What is wrong with this proof (that all vector bundles of the same rank are isomorphic)?

Question

Suppose I have two vector bundles $E \rightarrow M, E' \rightarrow M$ of rank $k$ on a smooth manifold $M$. Let $\mathcal{E}(M), \mathcal{E'}(M)$ denote their spaces of smooth sections. We can choose some arbitrary isomorphism $\phi_p: E_p \rightarrow E'_p$ for all $p \in M$, where $E_p, E'_p$ denote the fibers above $p$.

Now we use this to define a map $\mathcal{F}: \mathcal{E}(M) \rightarrow \mathcal{E'}(M)$ as follows. For any smooth section $\sigma \in \mathcal{E}(M)$, define the section $\mathcal{F}(\sigma)$ by $\mathcal{F}(\sigma)(p) = \phi_p(\sigma(p))$. Then $\mathcal{F}$ is linear over $C^\infty(M)$, so there is a smooth bundle map $F: E \rightarrow E'$ over $M$ such that $\mathcal{F}(\sigma) = F \circ \sigma$ for all $\sigma$. Defining a map $\mathcal{F}^{-1}: \mathcal{E}'(M) \rightarrow \mathcal{E}(M)$ using $\phi_p^{-1}$, we see by the same reasoning that there is a smooth bundle map $F^{-1}: E' \rightarrow E$ which is the inverse of $F$. So the two bundles are isomorphic.

Answer 1

The problem is that $\mathcal{F}(\sigma)$ is not going to be a smooth section of $E'$ unless the $\phi_p$'s are "coherent".

For example, let $E\to M$ and $E'\to M$ both be the trivial line bundle $\mathbb{S}^1\times\mathbb{R}$ on the circle $\mathbb{S}^1$. Let $A=\{e^{2\pi it}\mid t\in\mathbb{Q}\}\subset\mathbb{S}^1$. If we choose our isomorphisms on the fibers to be $$\phi_p=\begin{cases}\;\;\;\;\text{id}_{\{p\}\times\mathbb{R}}\text{ if }p\in A\\ -\text{id}_{\{p\}\times\mathbb{R}}\text{ if }p\notin A\end{cases}$$ then the smooth section $\sigma:\mathbb{S}^1\to E$ given by $\sigma(p)=1$ is sent to $$\mathcal{F}(\sigma)(p)=\begin{cases}\;\;\;\;1\text{ if }p\in A\\ -1\text{ if }p\notin A\end{cases}$$ which is not even continuous.

Answer 2

In addition to the problem Zev pointed out, there's further a problem with topology.

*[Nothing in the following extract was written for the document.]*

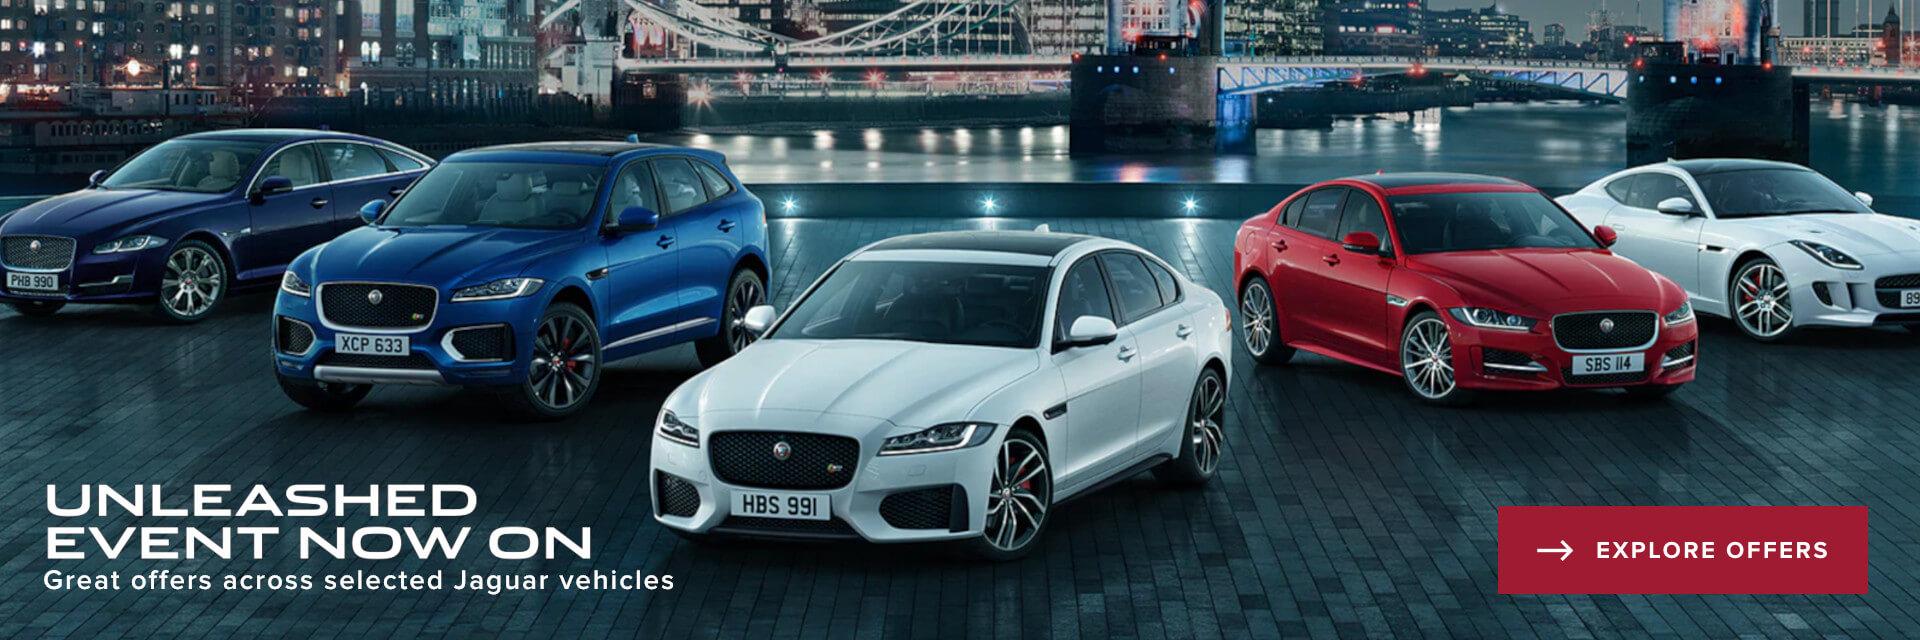 Unleashed Event Jaguar Offers

Say you intend to avoid Zev's construction, so you do the following:

Since $(E,M,\pi, V)$ is a vector bundle, for every point $p \in M$ there is a neighbourhood $U\ni p$ such that $\pi^{-1}U$ is diffeomorphic to $V\times U$. Okay, so instead of just defining the isomorphism pointwise by $\phi_p$, you additionally require that it extends locally over $U$ to a smooth map between $V\times U$ and itself.

If you indeed are able to find such a map, you would have found a bundle isomorphism. But in reality it may not be possible to find such a map. In the case where $M$ is simply connected, the usual arguments can be used to show that the local definition can be extended to a well-defined global one. But when that is not the case, you can consider the example of the Möbius strip as an $\mathbf{R}$ bundle over $S^1$, and the trivial $\mathbf{R}$ bundle over $S^1$. It is clear to see that any smooth section of the Möbius strip must vanish at some point. On the other hand, there exists non-vanishing sections of the trivial bundle. So any smooth map which commutes with projection from the latter to the former must, at some point in $S^1$, fail to be surjective.